Solving the LeetCode "Word Search" Problem in Go

Difficulty: Medium | Tags: Array, String, Backtracking, Depth-First Search, Matrix

Introduction

The "Word Search" problem requires checking if a given word can be constructed from adjacent cells in a 2D grid, where adjacent cells are horizontally or vertically neighboring. This problem is a classic example of backtracking and depth-first search (DFS) applications.

Problem Analysis

Given an m x n grid of characters and a word, we need to determine if the word exists by moving to adjacent cells without reusing any cell. Examples demonstrate how words like "ABCCED" and "SEE" can be found, while "ABCB" cannot due to cell reuse constraints.

Solution Approach

The solution involves using DFS with backtracking. We iterate over each cell in the grid, and for each cell that matches the first character of the word, we initiate a DFS to explore all possible paths.

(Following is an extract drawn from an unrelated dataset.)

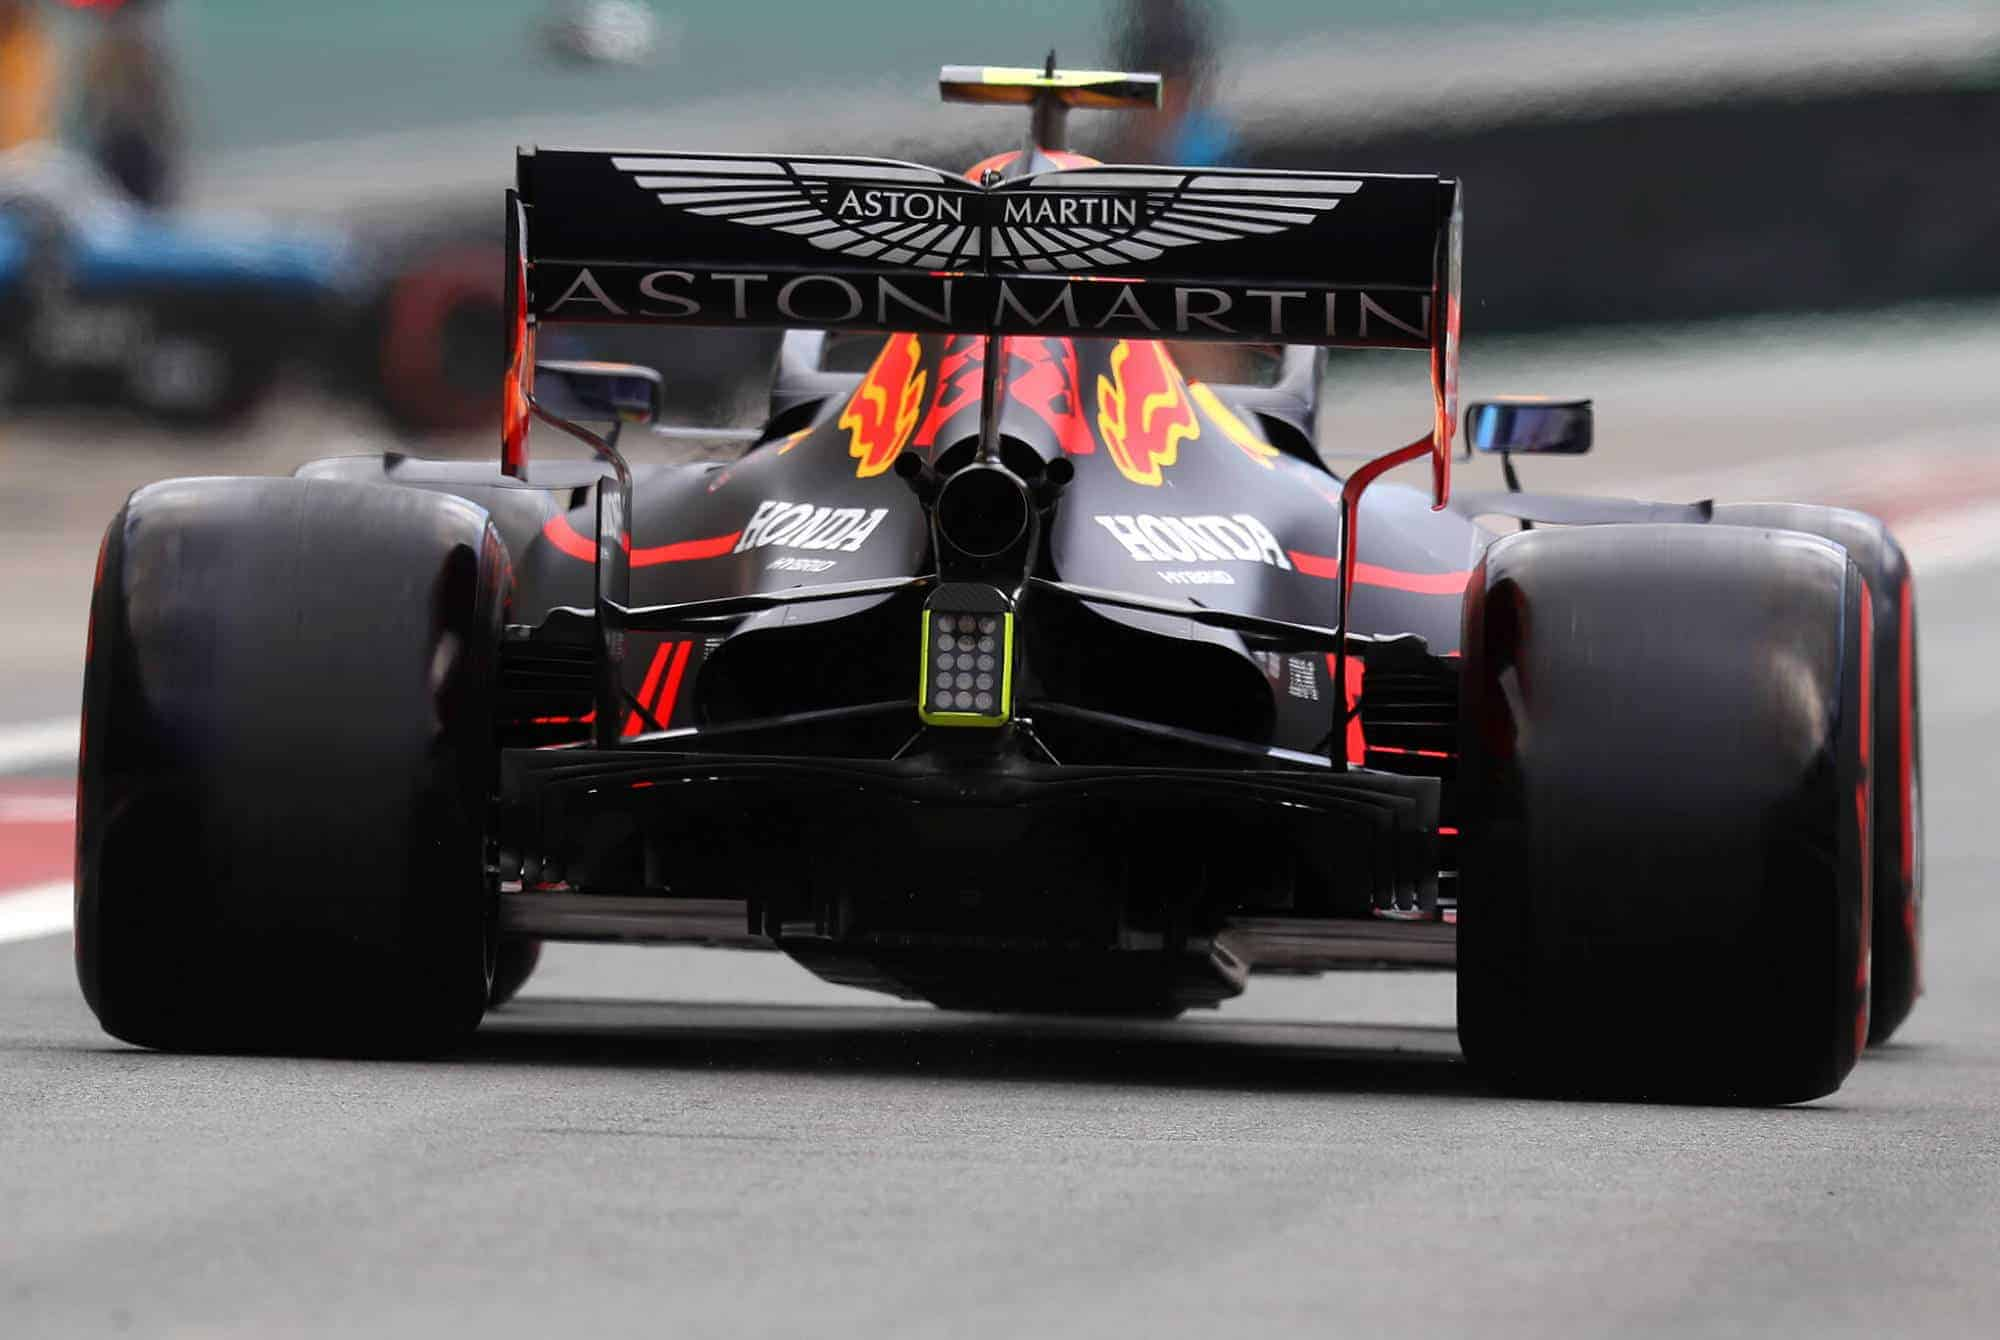 Alexander Albon Red Bull Honda Brazilian GP F1 2019 rear end diffuser Photo Red Bull

During DFS, we mark visited cells to prevent reuse and backtrack if the current path does not lead to the solution.

Go Implementation

func exist(board [][]byte, word string) bool {
    m, n := len(board), len(board[0])
    visited := make([][]bool, m)
    for i := range visited {
        visited[i] = make([]bool, n)
    }
    for i := 0; i < m; i++ {
        for j := 0; j < n; j++ {
            if board[i][j] == word[0] {
                if dfs(board, word, i, j, 0, visited) {
                    return true
                }
            }
        }
    }
    return false
}
func dfs(board [][]byte, word string, i, j, index int, visited [][]bool) bool {
    if index == len(word) {
        return true
    }
    if i < 0 || i >= len(board) || j < 0 || j >= len(board[0]) || visited[i][j] || board[i][j] != word[index] {
        return false
    }
    visited[i][j] = true
    if dfs(board, word, i+1, j, index+1, visited) ||
    dfs(board, word, i-1, j, index+1, visited) ||
    dfs(board, word, i, j+1, index+1, visited) ||
    dfs(board, word, i, j-1, index+1, visited) {
        return true
    }
    visited[i][j] = false
    return false
}

Complexity Analysis

Time Complexity: O(m * n * 4^L), where m and n are the grid dimensions, and L is the word length. The worst case involves exploring all 4 directions for each cell up to the word length.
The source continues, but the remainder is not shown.